I'm looking for a simple way to allow users to include simple html within the files which will be included as part of the web pages. I need to protect from any accidental damage to the rest of the page (e.g. if they add <div>s or mis-matched or incorrect <table>, etc.) , and some users will not be familiar with html.
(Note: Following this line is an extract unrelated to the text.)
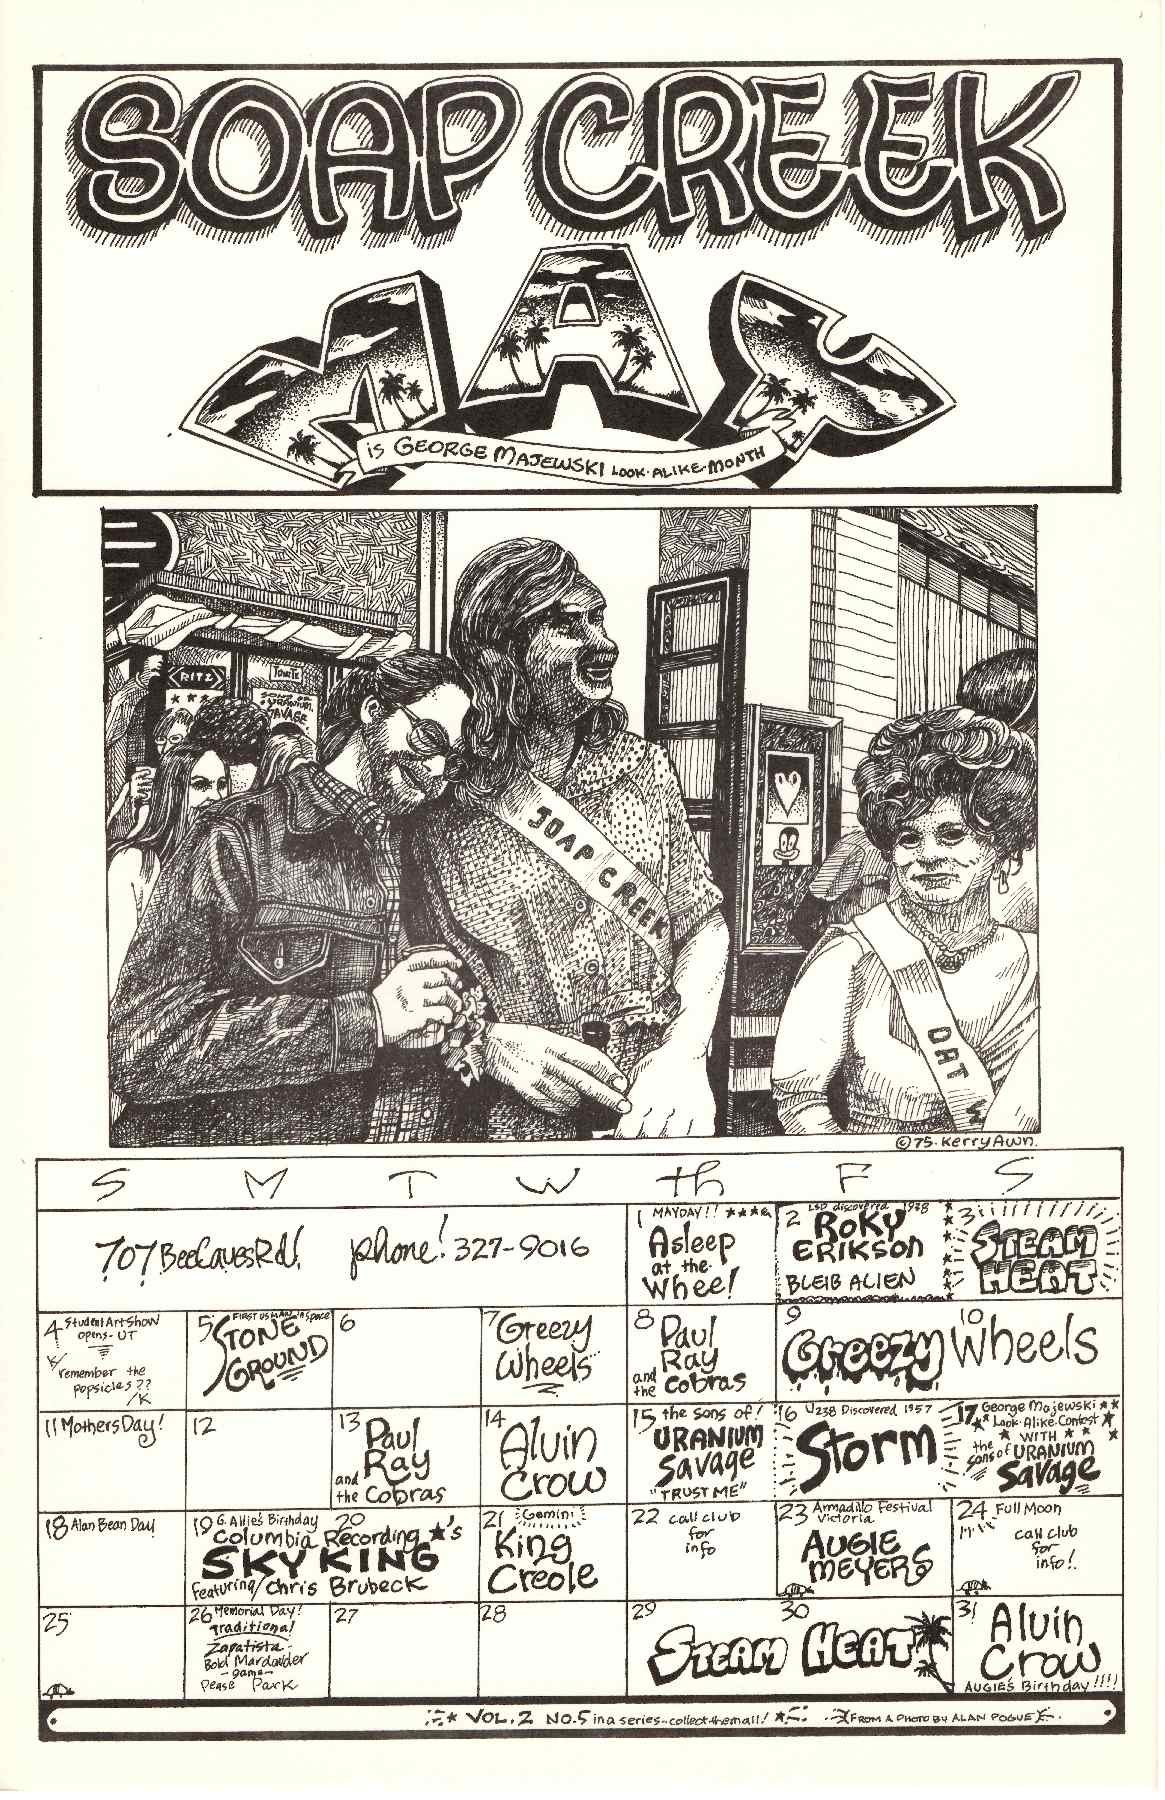 1975.05.May calendar.Soap Creek Saloon.Awn.JPG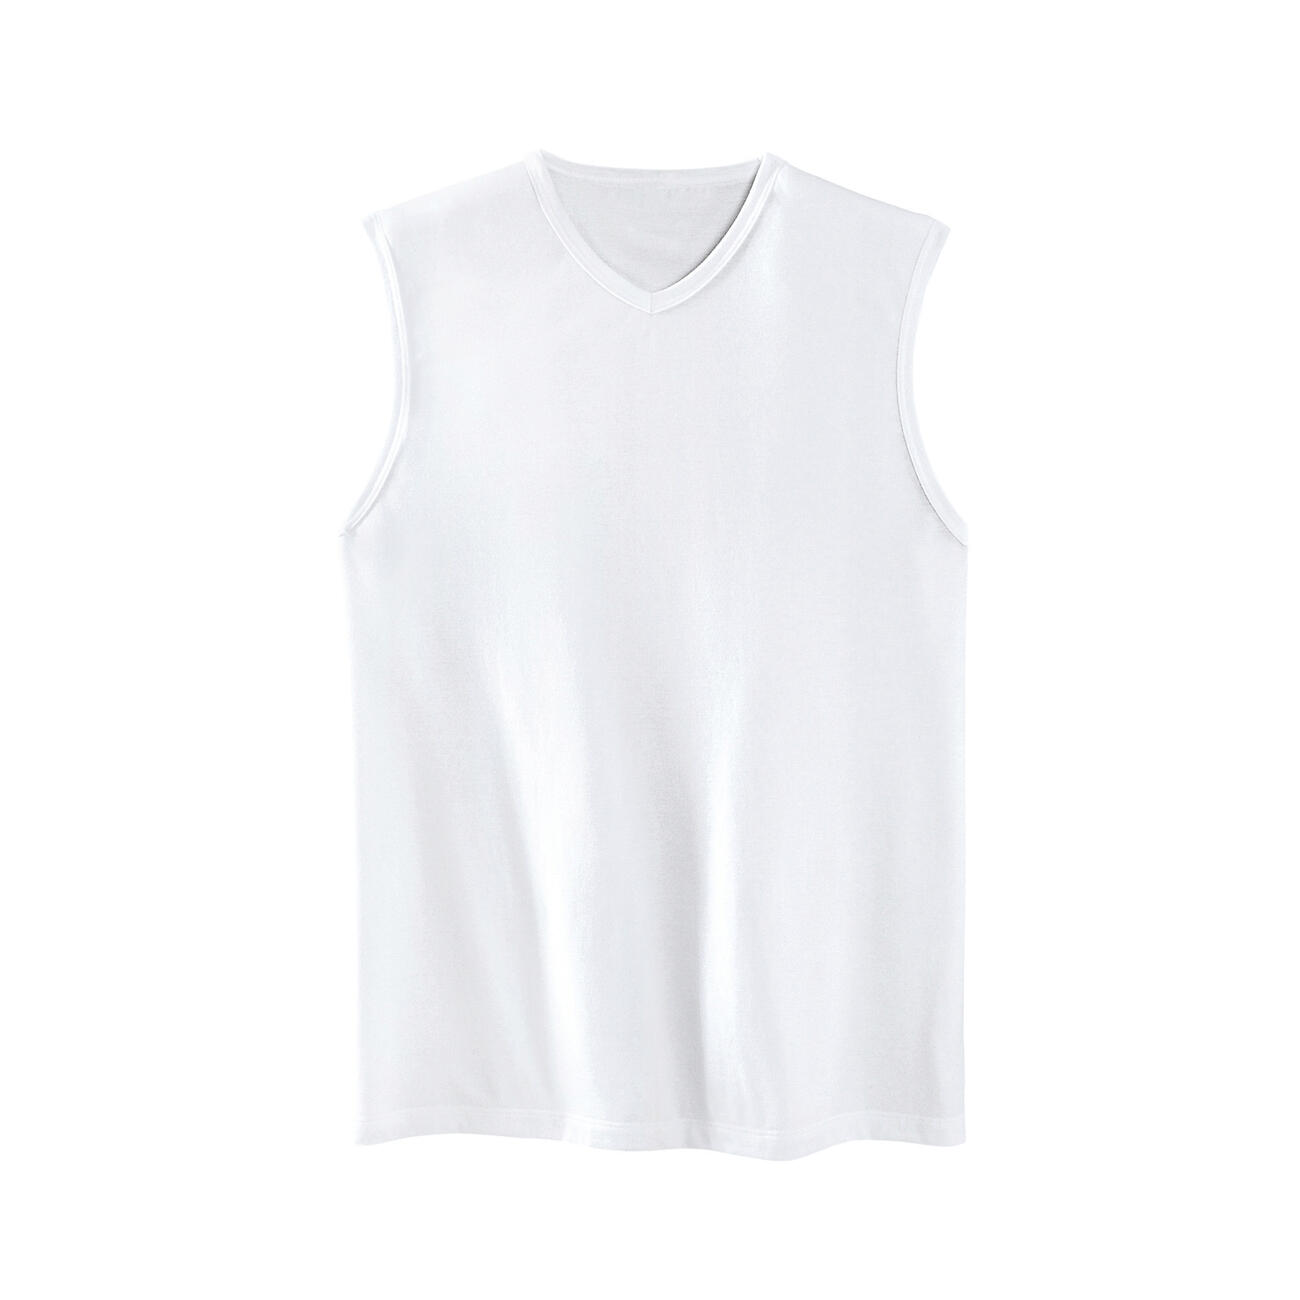 Buy Sleeveless T-shirt, Round neck or V-neck online

Really all I need is <br>, <p>, simple <li>, and URL/mail addresses.

I guess I could build a html parser that disallowed any 'unsafe' html - but that doesn't sounds trivial (and it assumes I can think of all the cases where html could cause a problem).

Or I could come up with some format of my own to do it.

Or I could build a (small subset of?) reStructuredText to make it easier to use, and then translate this to html for the output.

Has anyone built this already, in a form they could share ?
Or anything equivalent (and hopefully simpler :-)

(btw - http://docutils.sourceforge.net/rst.html )


In parsing html, sanity is an optional and infrequent result.
If the journey is to begin, then I would recommend the following as a starting point.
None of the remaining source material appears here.